From the docs example (https://kristofferc.github.io/Tensors.jl/stable/man/constructing_tensors/#Constructing-tensors-1), it looks like `SymmetricTensor{order,dim,T}` is incomplete type specification, so that the elements of `Solid3D_2` are vectors with abstract element types.
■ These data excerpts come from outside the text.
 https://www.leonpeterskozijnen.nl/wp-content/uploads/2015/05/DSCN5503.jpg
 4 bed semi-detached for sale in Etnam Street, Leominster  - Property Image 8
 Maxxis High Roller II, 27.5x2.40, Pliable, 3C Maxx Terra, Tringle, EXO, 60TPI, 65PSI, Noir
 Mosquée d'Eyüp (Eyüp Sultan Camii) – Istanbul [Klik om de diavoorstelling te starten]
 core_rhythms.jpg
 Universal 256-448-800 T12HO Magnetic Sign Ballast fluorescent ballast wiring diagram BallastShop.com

The complete type signature must be `F :: Vector{Tensor{2,3,Float64,9}}` and `ϵ :: Vector{SymmetricTensor{2,3,Float64,6}}`, I guess.
Try the following definition:

``````struct Solid3D_2{T<:Tensor{2,3,<:AbstractFloat}, ST<:SymmetricTensor{2,3,<:AbstractFloat}, IT<:Integer}
F :: Vector{T}           # Tensor{order,dim,T<:Real} F, 2x2 matrix
ϵ :: Vector{ST}  # Tensor{order,dim,T<:Real} F, 2x2 matrix
σ :: Vector{ST}  # F, 2x2 matrix
parcount::IT
function Solid3D_2(count)
defor    = zeros(Tensor{2,3}, count) #fill(zero(Tensor{2, 3}),         count)
strain    = zeros(SymmetricTensor{2, 3},count)
stress    = zeros(SymmetricTensor{2, 3},count)
T, ST = eltype.(defor, strain)
return new{T,ST,Int}(defor,strain,stress,count)
end
end
``````

Thanks Vasily, I used your suggestion, but not a parameterised struct:

``````function main_static_arrays(solid)
defor = solid.F
epsi  = solid.ϵ
stres = solid.σ
for ip = 1:solid.parcount
J             = det(defor[ip])
Finv          = inv(defor[ip])    # no memory alloc
P             = J*stres[ip]*Finv'  # convert to Piola Kirchoof stress, no memory alloc
L             = Finv*Finv
D             = 0.5  * (L + L')  # no memory alloc
end
end

function main_tensor(solid)
defor = solid.F
epsi  = solid.ϵ
stres = solid.σ
for ip = 1:solid.parcount
J             = det(defor[ip])
Finv          = inv(defor[ip])    # no memory alloc
P             = J*stres[ip]⋅Finv'  # convert to Piola Kirchoof stress, no memory alloc
L             = Finv⋅Finv
D             = symmetric(L)  # no memory alloc
end
end

function main1()
parCount = 100000
s1       = Solid3D_1(parCount)
@btime main_static_arrays(\$s1)
end

function main2()
parCount = 100000
s2       = Solid3D_2(parCount)
@btime main_tensor(\$s2)
end

main1()
main2()
``````
``````julia> include("Main_Test_Tensor.jl")
51.429 μs (0 allocations: 0 bytes)
77.122 μs (0 allocations: 0 bytes)
``````

Seems to me symmetric(A) is slow as I removed it, Tensors.jl was faster slightly.